Despite what researchers are learning from demonstration projects, it is still an open question whether large numbers of at-risk individuals in uncontrolled settings will embrace PrEP, or shun it for any of a variety of reasons. Mombo Ngua (a.k.a. Mantully), a sexual minority activist affiliated with the Sex Workers Outreach Programme (SWOP) in Nairobi, who likes to end his emails with “If you hate gay marriages, blame the straight folks; they are the ones who keep having gay babies,” points out that there is a lot of misinformation, some perhaps deliberate, being spread by MSM about PrEP.

“There are people who are saying that PrEP does not work and they should use it without a condom and if they turn positive they should sue the government,” says Ngua. “They are telling people that it finishes sexual feeling and adds a tummy. They are saying if PrEP works, what’s the use of condoms?” Ngua, who has been working with the MSM community for over a decade is trying to dispel these myths, and he has a very good argument. He has been taking PrEP for two years. “I think more education and sensitization around PrEP is needed in the MSM community,” he says.

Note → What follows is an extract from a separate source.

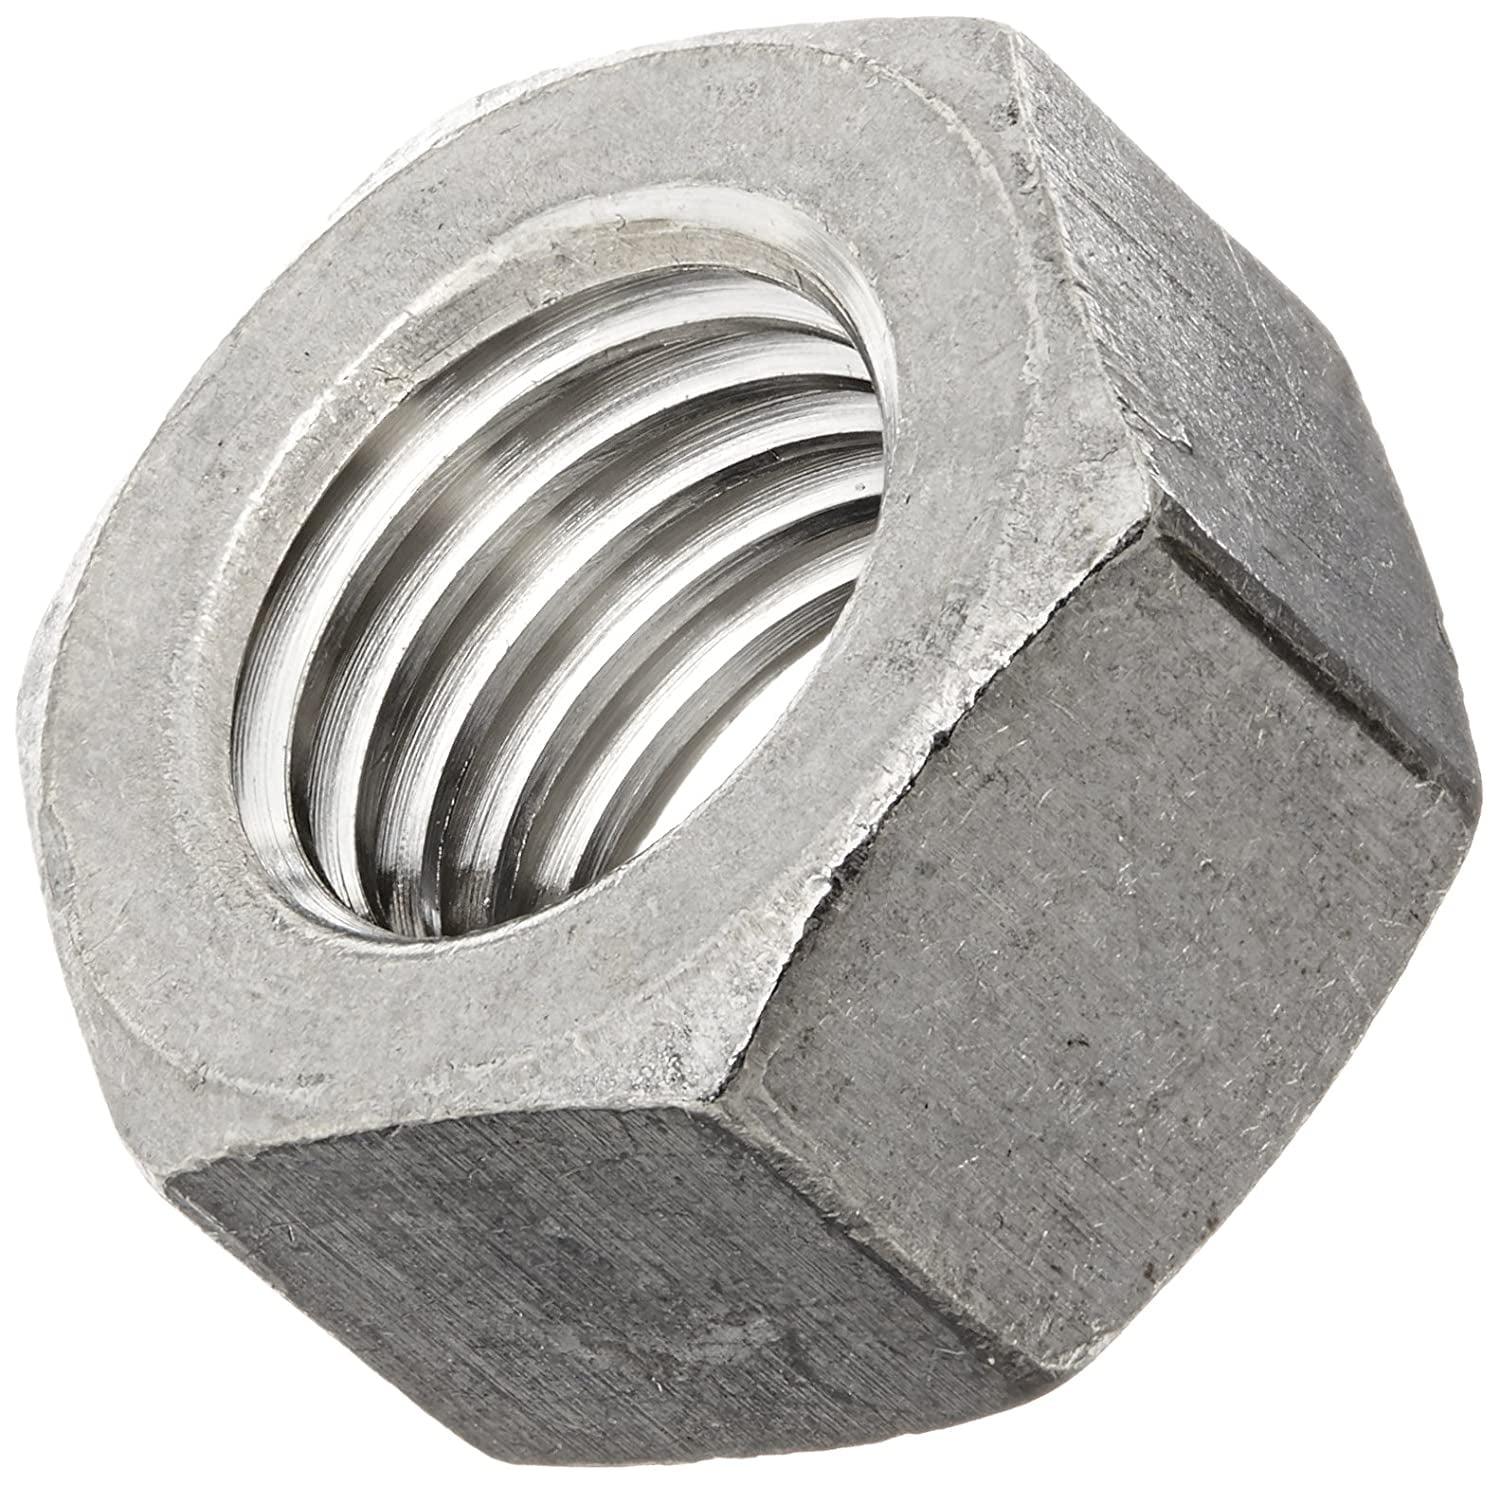 ASME B18.2.2 Steel Hex Jam Nut Zinc Plated Finish 1/4 Thick 11/16 Width Across Flats 7/16-20 Thread Size Pack of 100 Grade 2

Finding ways to monitor PrEP users cost-effectively is also going to be a challenge in the long term, says Bailey. His research group in Kisumu, a county on the shores of Lake Victoria, is currently introducing PrEP to about 160 individuals from a long-standing cohort of 700 bisexual and homosexual men who they have been monitoring for years. The site hosts social events to engage the men—Monday movie night, coffee Wednesdays, fashion shows, and spiritual meetings—and uses peer educators to encourage adherence. The clinic also plans to monitor drug levels of PrEP participants to determine if it is being used consistently. But Bailey says the $50 per blood test will not be practical or cost-effective in a large-scale rollout, so the organizations charged with tracking these individuals will need to revert to behavioral methods of assessing adherence (for example, self-reporting or daily texts). As a result, “it’s going to be necessary to have some demonstration projects measure what the sensitivity and specificity of the behavioral methods of adherence are,” Bailey says.

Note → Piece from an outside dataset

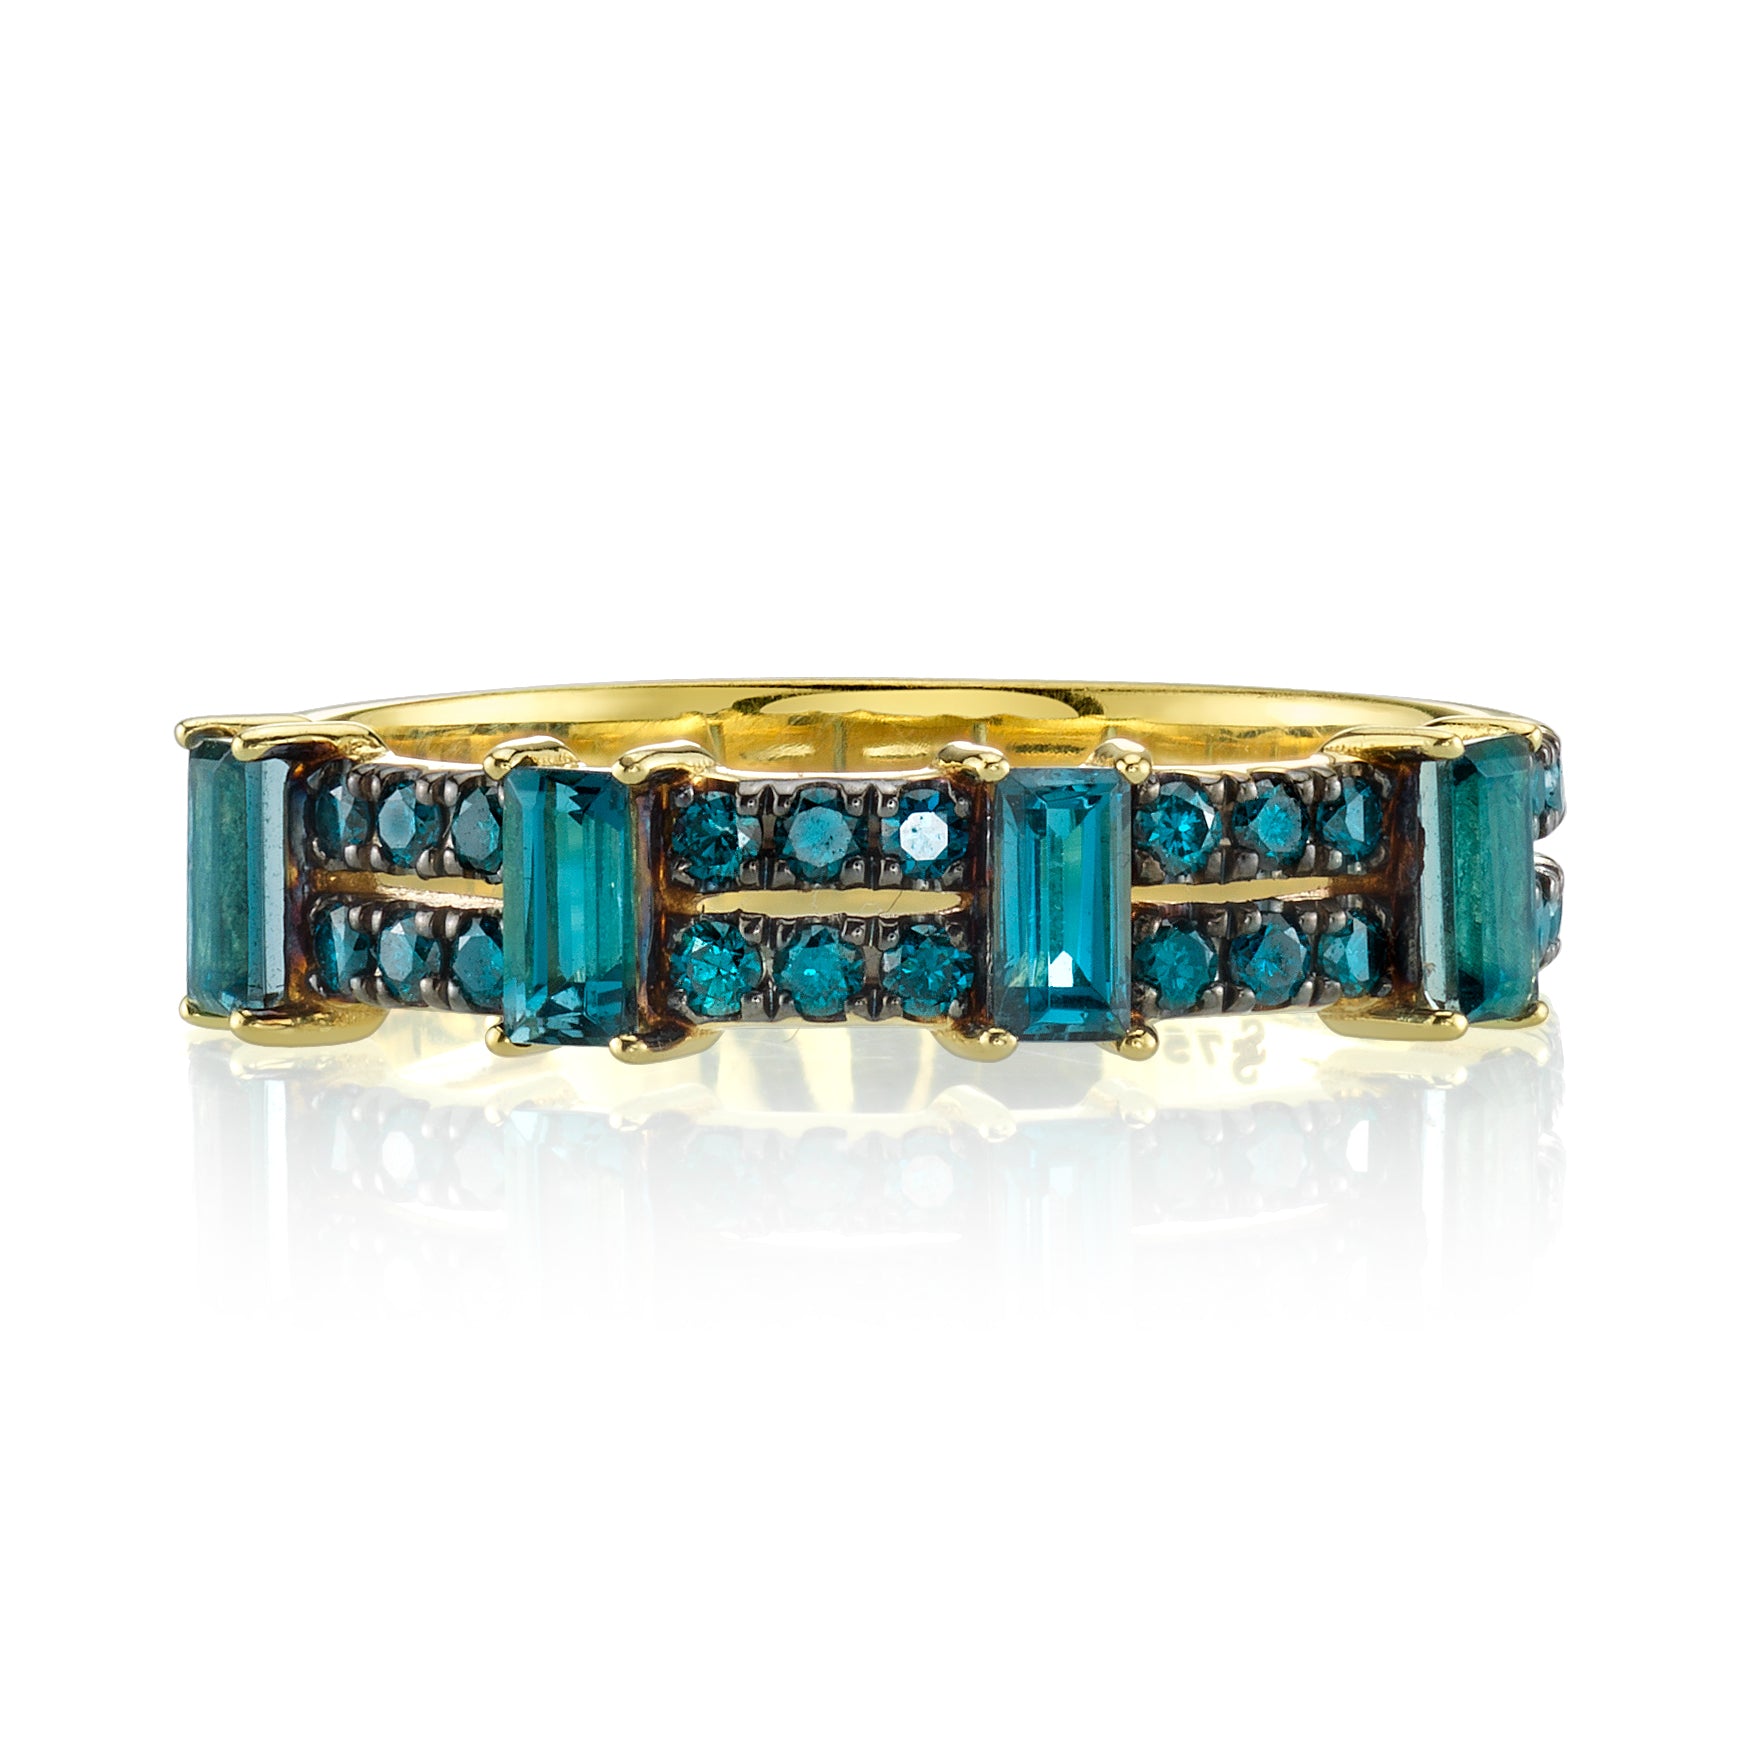 Band with Turquoise Baguettes and White Diamond Detail

Jhpiego, a global health non-profit and affiliate of Johns Hopkins University dedicated to improving the health of women and families in developing countries, is setting its sights on developing a model to scale-up PrEP in resource-strained countries through its Bridge To Scale project known as Jilinde. The Bill & Melinda Gates Foundation awarded Jhpiego $22.3 million over four years to reach 20,000 Kenyans most vulnerable to HIV infection, including adolescent girls and young women, FSWs, and MSM.

Daniel Were, oral PrEP director at Jhpiego-Kenya, says Jilinde, as part of a large technical working group spearheaded by the National AIDS and STI Control Programme (NASCOP), helped develop the framework for implementing oral daily PrEP, created training manuals and toolkits for providers and PrEP users, and will be conducting mathematical modeling in the third year of implementation to determine how much PrEP coverage is required to reduce infections in each risk group.

Jilinde, which means protect yourself in Swahili, already enrolled around 2,600 individuals at 10 different sites, but is encountering retention problems, possibly because people did not fully understand that the pills needed to be taken every day in order to work. “Many people are enrolling in the program but then quickly dropping and we’re trying to understand why this is happening,” says Were.

He says some reasons include an unwillingness to take a pill every day, or a preference for other HIV prevention options such as condoms. “Others enroll and drop out because of social stigma from their peers and surrounding community that labels them to be HIV positive because the medicine used for PrEP is similar to what is used for HIV treatment,” Were says.

So is Kenya ready for PrEP? Beyrer says Kenya has made tremendous strides but there are still challenges ahead. “Remember, when you look across the landscape things often look better in the larger urban areas. When you get out into more rural areas with smaller populations, you encounter much more traditional values and things can get really tough.”

Mary Rushton is a freelance writer based in Cambridge, Massachusetts.